Another foundry, somewhere in the night, somewhere in history, in which something like a horse's skull (not a horse's head:a skull, which looks nothing like a horse at all, but an enormous curved shears, or a bone beak whose two halves meet only at the tip, a wicked intelligent-looking purposeless thing which cannot speak) came out of the mold, and all the founders were immediately executed to keep the secret. They had all known this would happen to them. These men were the great craftsmen and engineers of their day. They could have looked for more from life. Yet they crammed down their fear, and got on with the work, and afterwards made no attempt to escape.
This was how I learned the secret of the horse, which I now give here, after folding it across itself like a slip of paper, in a further indicating gesture:"



I mean, look at that. Just look at that. Even if we assume that it actually happened to him, that he did have those thoughts while randomly watching tv, and he had the presence of mind to think ‘hey, this is a interesting response I’m having’, then the writerly courage it takes to start a story with that passage staggers me – especially as the rest of the tale has next to nothing to do with that opening, except in mood. 

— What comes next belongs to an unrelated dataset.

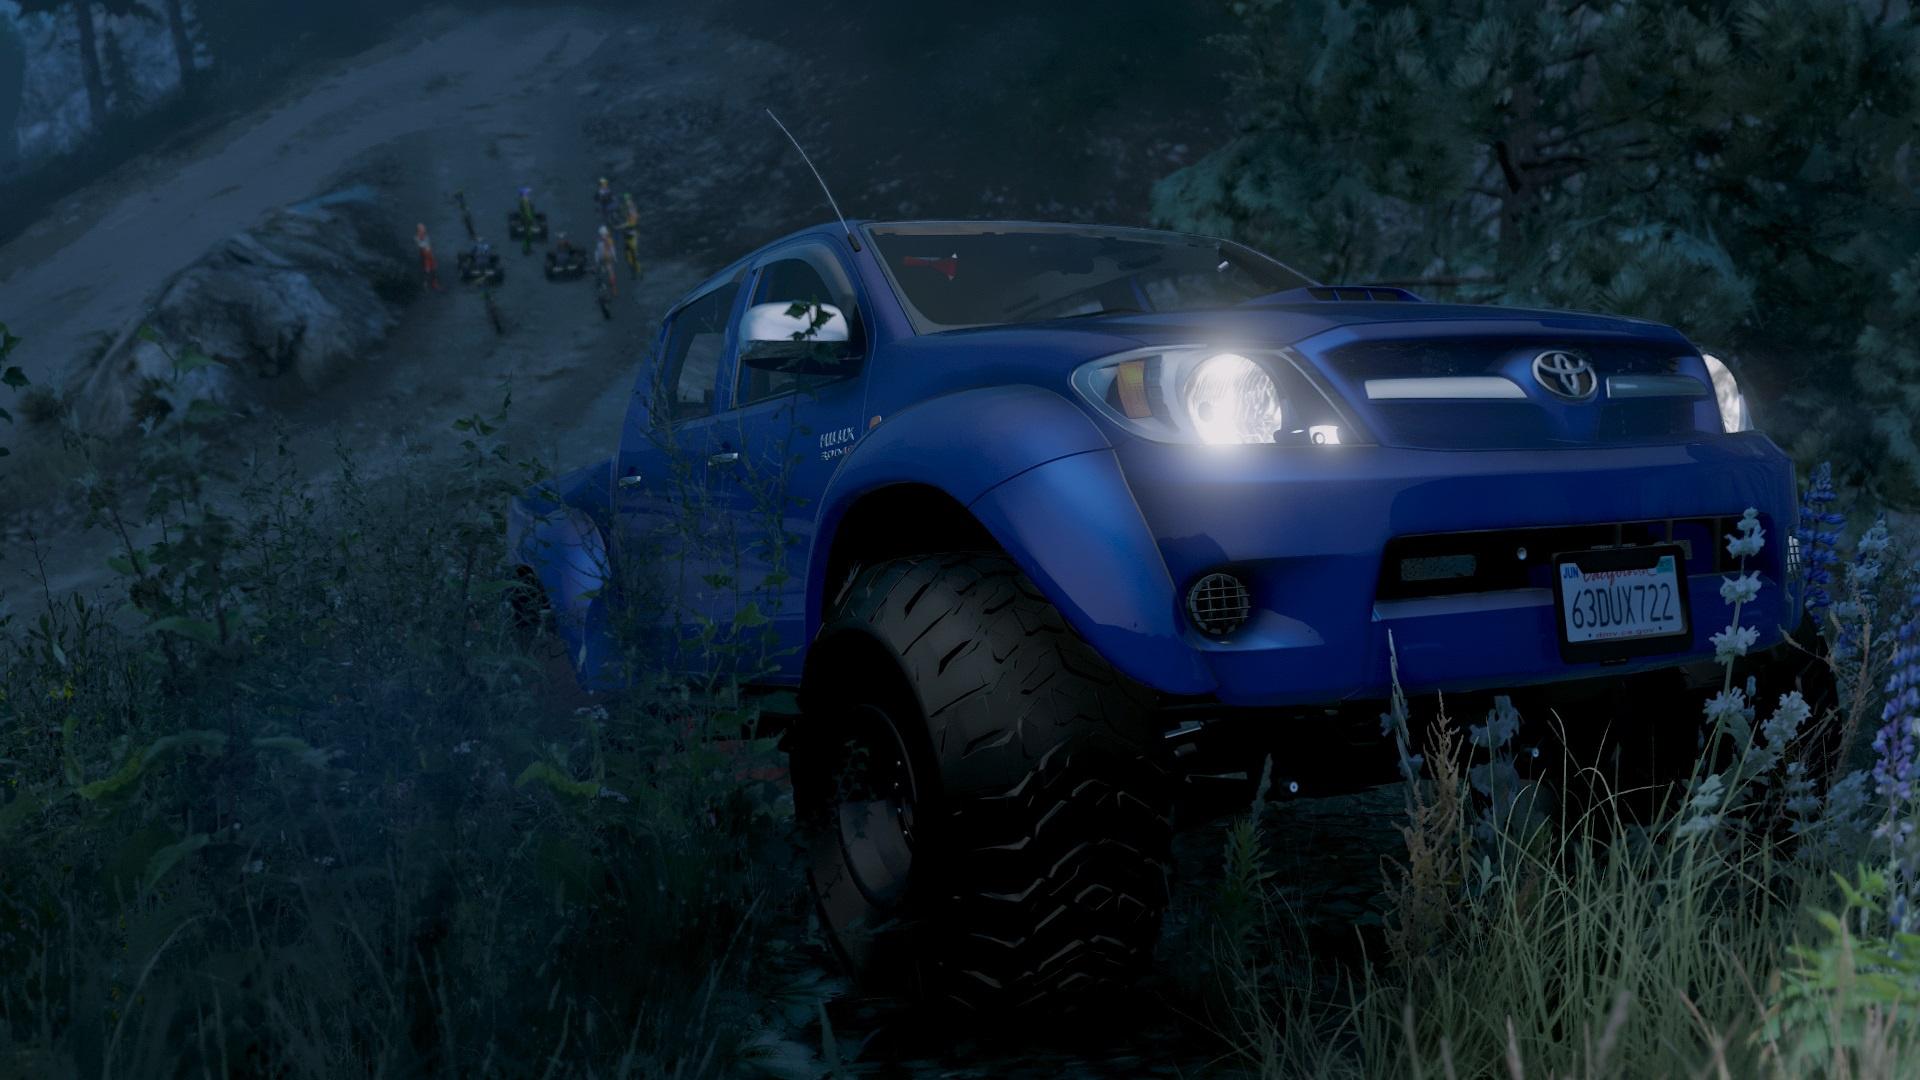 2007 Top Gear Toyota Hilux At38 Arctic Trucks Add On

What else? I’m envious of Josiah Bancroft’s prose in his Books of Babel. I’m ok with, say, Douglas Adams or PG Wodehouse being able to do stuff like that, as they’re old and dead and come from different eras. Bancroft’s about the same age I am. It shouldn’t be allowed. 

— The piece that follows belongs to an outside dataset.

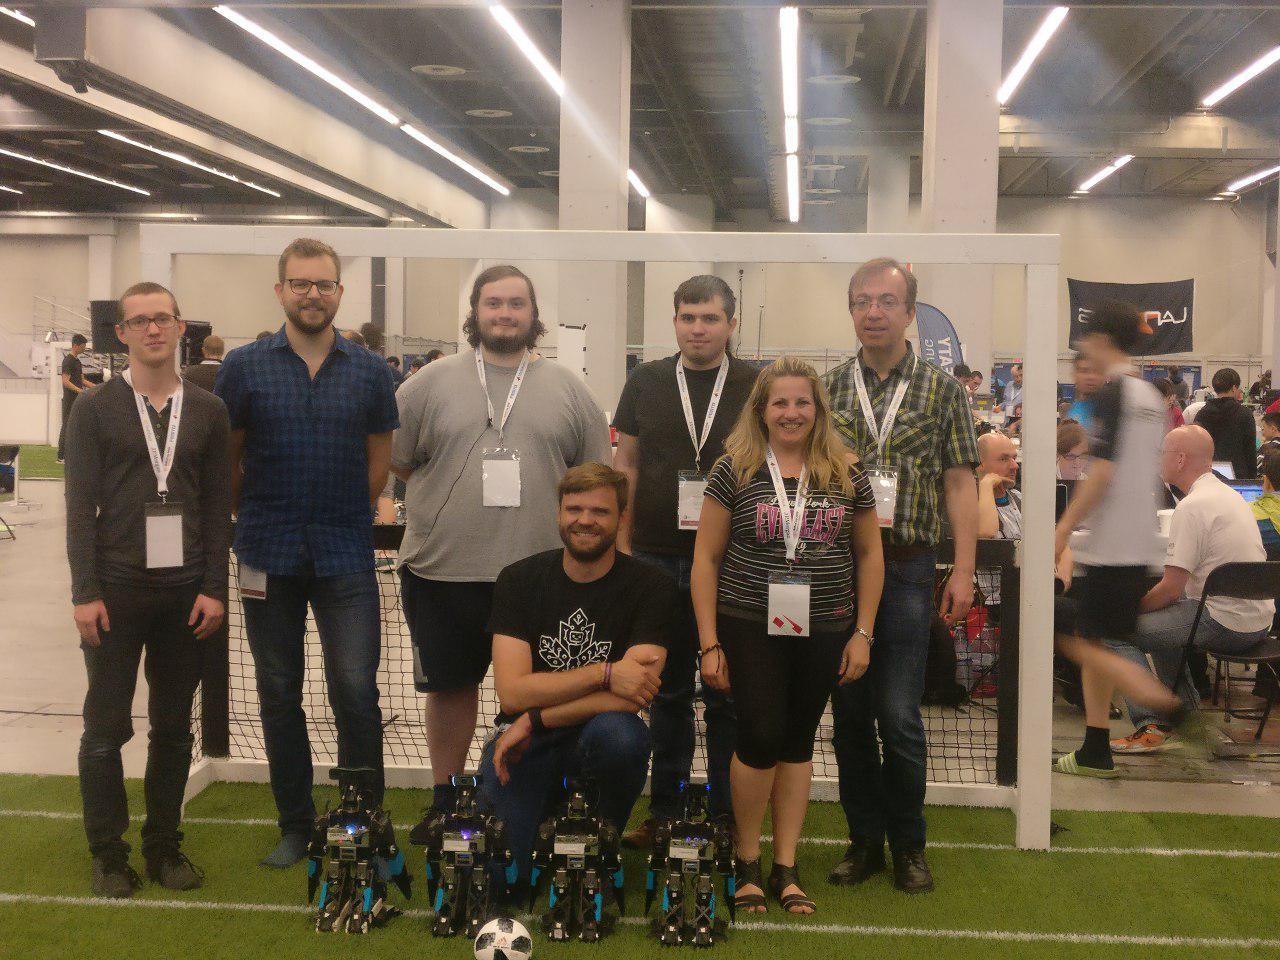 BoldHearts team at the RoboCup 2018 in Montréal / Canada

I’m also humbled by Mark Z Danielowski’s House of Leaves, just the sheer artefact of it. „I’m going to spend years writing an insanely complex puzzlebook/typographical labyrinth/academic joke/horror novel, told mainly in footnotes” – who the hell thinks like that? 

Finally, can you tell us a couple of fun facts about yourself that are not already available on the internet? 

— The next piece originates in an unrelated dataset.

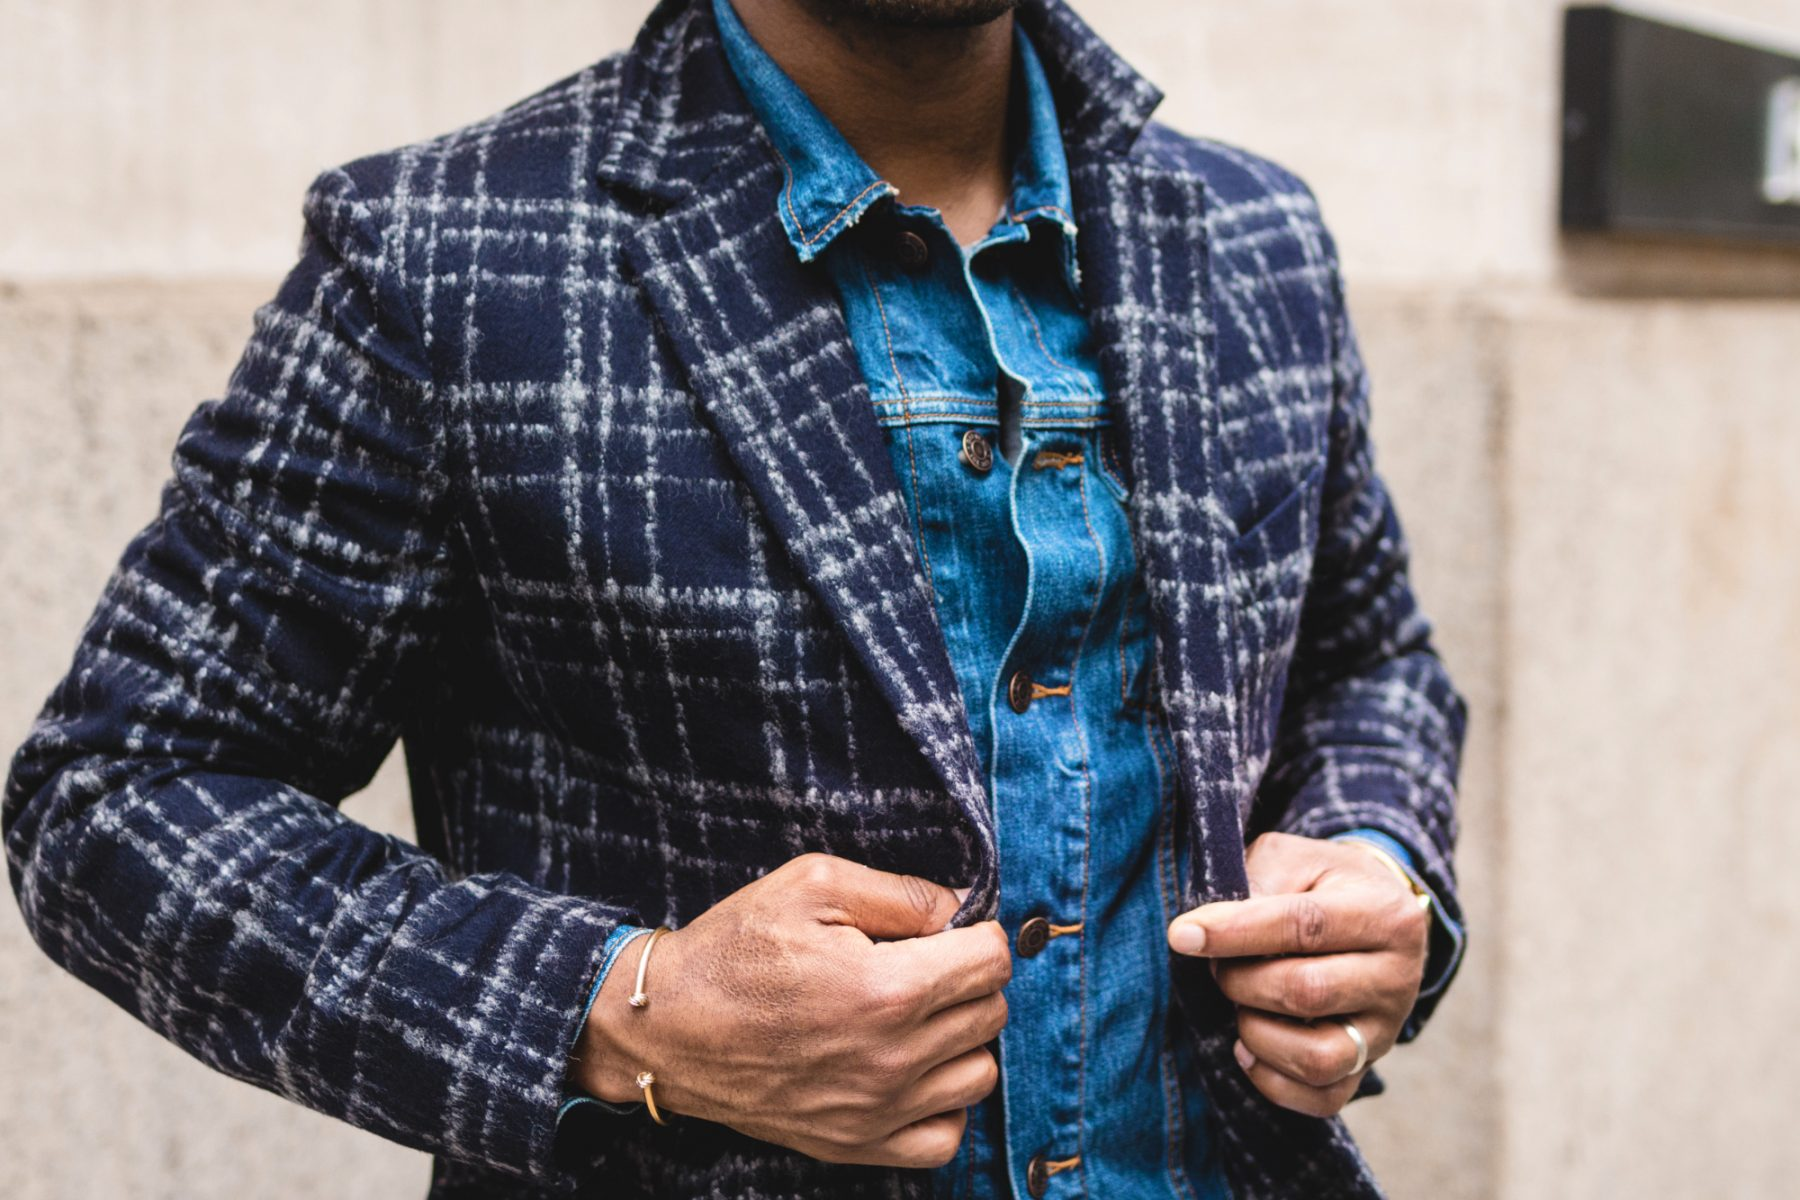 Sabir M. Peele of Men's style Pro in Hardy Amies Windowpane Topcoat

Um. Honestly, I’m not sure. I’m both somewhat quiet and extremely online. And I’ve got two six-year-olds and a zero-year-old, so it’s not like I have much free time to do exciting wacky stuff that would look good on a dust jacket. I listen to more podcasts than is healthy? I’ve technically won an award for my knees? I get extremely uncomfortable when asked to write about myself, and you can almost envision me squirming at the keyboard as I type this?



Thank you so much for agreeing to this conversation, Gareth! We greatly appreciate your time and thoughts.